Seki et al demonstrated that human TiPS cells implanted into immune compromised mice can differentiate into many different tissue types. They also showed that the TiPS cells can become teratomas, which means unless you are careful with the implantation of these cells you are going to wind up with strange tumors.
That said, Warren et al show that subsequent RNA reprogramming can direct RiPS cells to become all sorts of interesting tissues. So if you want to try all this in your garage, and if you have the appropriate cell culture skills and equipment, you can give it a fair go. Access to the appropriate strains of feeder cells, as well as the modified RNAs, could be a stumbling block. But I have to imagine 1) that those cells and the RNAs are going to be available commercially as a package at some point or 2) that you will be able to get the cells from a supplier and contract out the RNA production for no more than a few thousand dollars.
Derek Rossi, the Harvard professor who is the senior author on the Warren paper has, according to the acknowledgments on the paper, started a company "dedicated to the clinical translation of this technology". Whether that means there will be a monopoly on the methods and materials is unclear to me at the moment. If you want to generate your own RiPS cells from T lymphocytes, who is going to stop you? And if you use those cells to produce tissues, and even to attempt treating yourself? Even then, it isn't clear that there is any rule, law, or regulation that can be used to stop you; recall that the FDA, at present, has not yet decided to try to regulate stem cells as drugs.
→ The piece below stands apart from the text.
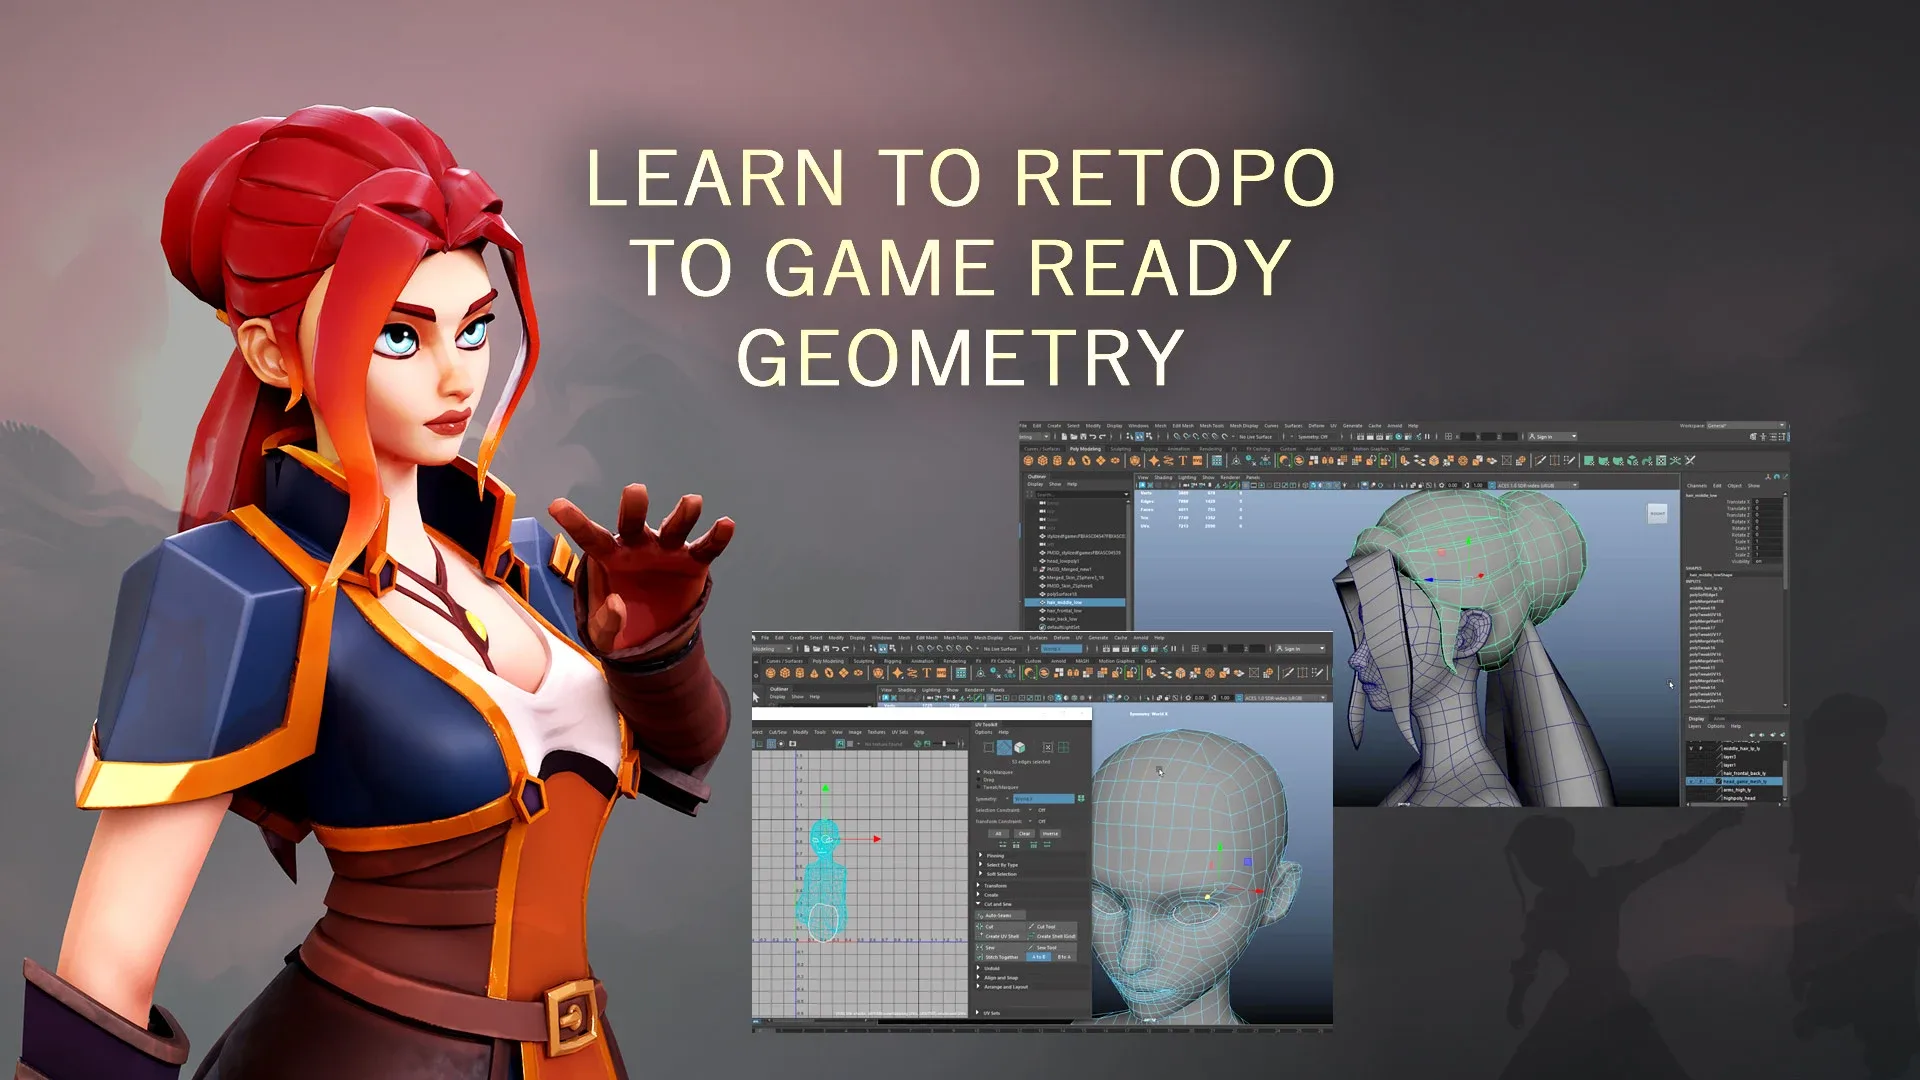 Ultimate Stylized Character Creation Course

Please note that I don't think self treatment is a very good idea, just yet. But nobody who is interested in playing with these technologies is likely to listen to me on this point anyway.
However, if you did something that looked like treating another person, then all hell would probably break loose because you could be accused of practicing medicine without a license. And then there are the consequences of getting this wrong, whether you are treating yourself of somebody else. About a year ago, on an airplane, I happen to sit next to the CEO of one of the largest health insurance companies in the US. At one point in the conversation, I asked him what his company would do if people started showing up needing treatment for tumors they gave themselves by injecting their own iPS cells. He just stared at me, stunned, with his jaw agape.
That is the right response, I suspect. The world is changing very quickly, and even if you spend your days trying to understand what is coming you are guaranteed many surprises that will just leave your jaw agape.